(Amsterdam, 24. November 1632 – Den Haag, 21. Februar 1677). Niederländischer Philosoph, politischer Denker und Exeget des Goldenen Zeitalters. Er gilt als einer der Begründer des Rationalismus und als einer der Inspiratoren der Aufklärung. Um seinen Lebensunterhalt zu verdienen, schleppte er Brillen und Linsen für Mikroskope.
Benedictus de Spinoza (1700). Bild: wikipedia.org
Gesetze, die vorschreiben, was jeder zu glauben hat, und den Menschen verbieten, etwas gegen diese oder jene Meinung zu sagen oder zu schreiben, werden oft erlassen, um den Zorn derer zu befriedigen oder vielmehr zu besänftigen, die unabhängige Meinungen nicht ertragen können.
Spinoza. Anonymes Gemälde Gemeentemuseum Den Haag.
Wahrheit ist der Maßstab sowohl für sich selbst als auch für das Falsche.
Foto von Michael Carruth
Kein drolligeres Gut als Menschen: man fängt sogar Affen damit.

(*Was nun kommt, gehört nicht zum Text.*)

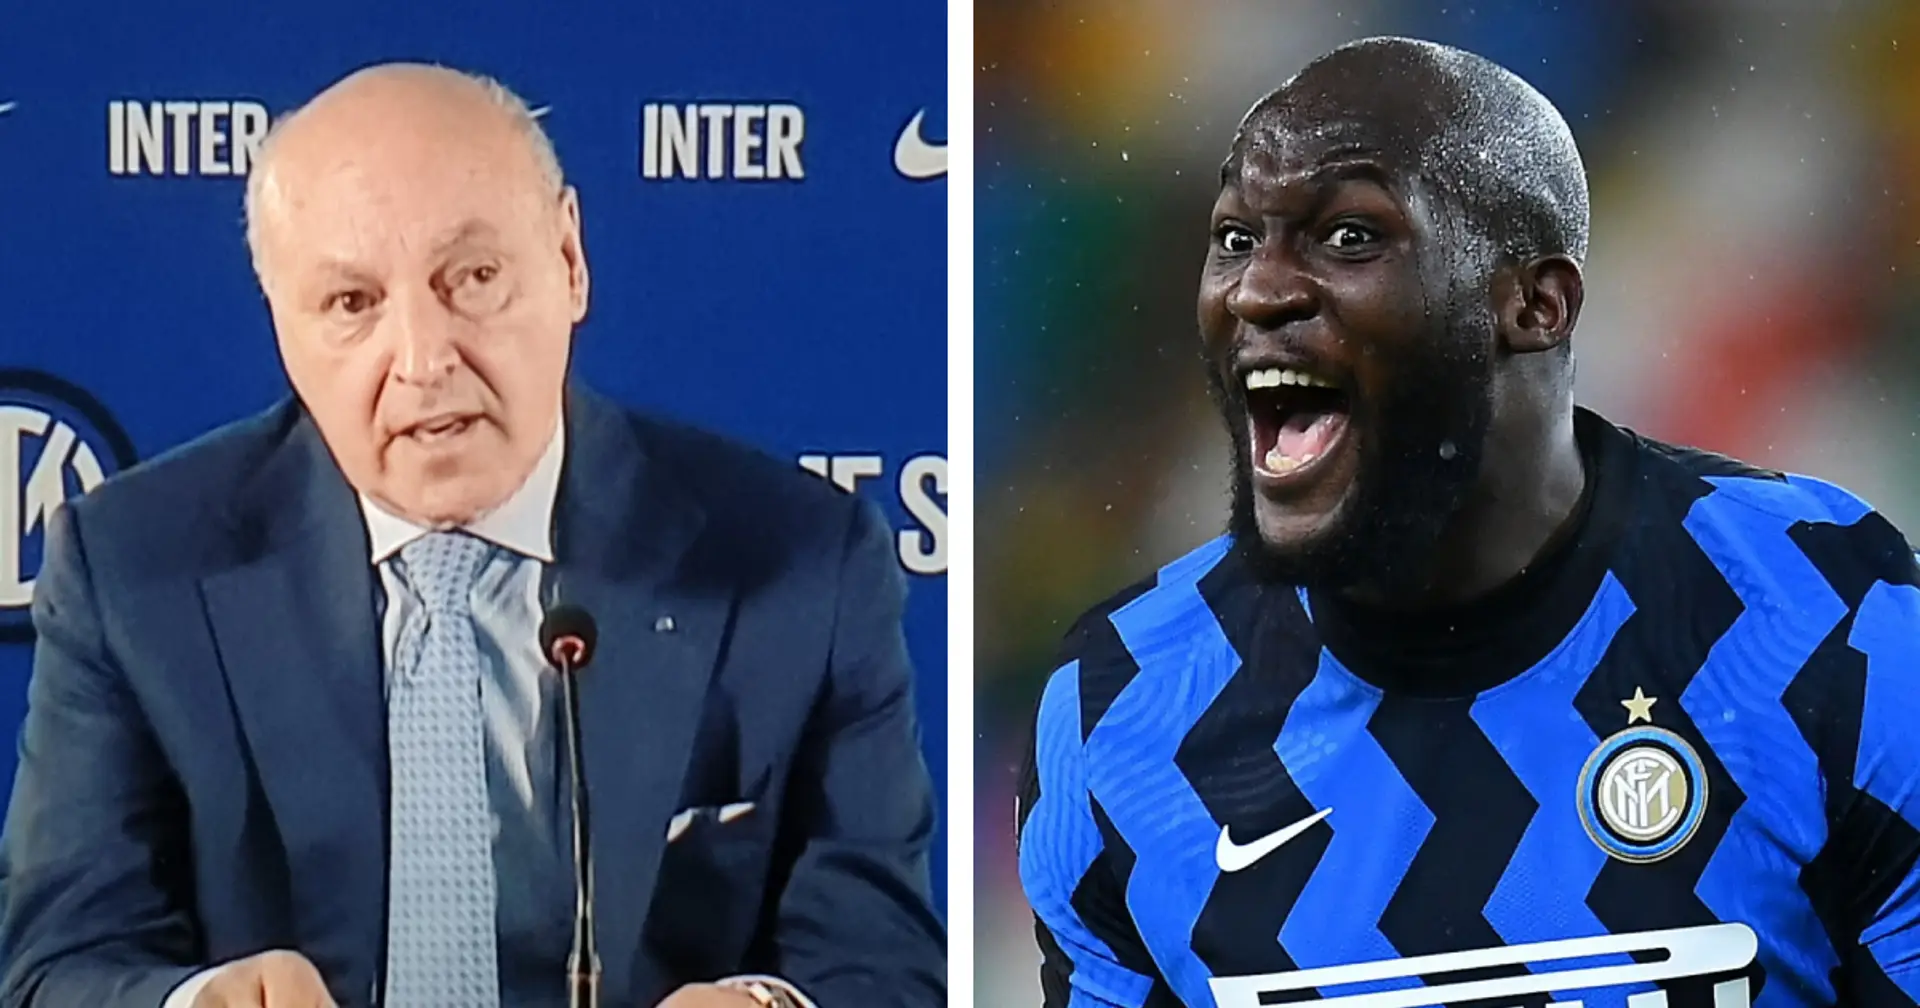 Inter CEO Marotta: 'Lukaku will return to Chelsea, and we don't know what will happen'

Bild: Peter van Geest AI. Bedeutung 🧐: Das Sprichwort drückt eine philosophische und leicht satirische Aussage über das Wesen von Gut und Böse sowie menschliche Begierden aus. „Nichts ist lustiger als die Menschen“: Dies bedeutet so viel wie „Es gibt nichts Lustigeres, Absurderes oder Trivialeres als die Menschen“. Es deutet an, dass das, was Menschen als „gut“ betrachten, aus einer breiteren Perspektive lächerlich oder von geringem Wert sein kann. Es ist eine Relativierung menschlicher Werte. „Damit kann man sogar Affen fangen“: Dieser Teil betont die Trivialität menschlicher „Güter“. Die Dinge, die Menschen wertschätzen (Vergnügen, Status, materielle Dinge), sind so grundlegend und einfach, dass sie mit dem Köder für Affen vergleichbar sind. Es impliziert, dass sich menschliche Begierden nicht wesentlich von denen der Tiere unterscheiden und dass Menschen trotz ihrer vermeintlichen Überlegenheit leicht von diesen simplen „Gütern“ manipuliert werden können. Im Kern handelt es sich um eine kritische Beobachtung zur menschlichen Natur, die besagt, dass unsere Vorstellungen von „Gut“ oft trivial und nicht so erhaben sind, wie wir denken, und dass wir uns daher leicht „fangen“ lassen. Ursprung und Autor 📜: Dieses tiefgründige und etwas zynische Zitat stammt von dem berühmten niederländischen Philosophen Baruch Spinoza. Autor:Baruch Spinoza (1632–1677). Werk: Die Aussage findet sich in seinem Hauptwerk „Die Ethik, nach einer geometrischen Methode bewiesen“ (vollendet 1675, postum veröffentlicht 1677). Genauer gesagt erscheint sie in Buch III, wo Spinoza menschliche Emotionen und Begierden erörtert. Spinoza nutzt diese Beobachtung, um seine umfassendere Argumentation zu untermauern, dass „Gut“ und „Böse“ keine inhärenten Eigenschaften der Dinge sind, sondern vielmehr Spiegelbilder unserer eigenen Begierden, Emotionen und Urteile. Sie ist ein zentraler Bestandteil seiner Philosophie über die menschliche Existenz und die Subjektivität von Werten.
Door Pieter
Mensenmens, zoon, echtgenoot, vader, opa.
Spiritueel, echter niet religieus.
Ik hou van golf, wandelen, lezen en de natuur in veel opzichten.
Onderzoeker, nieuwsgierig, geen fan van de mainstream media (MSM).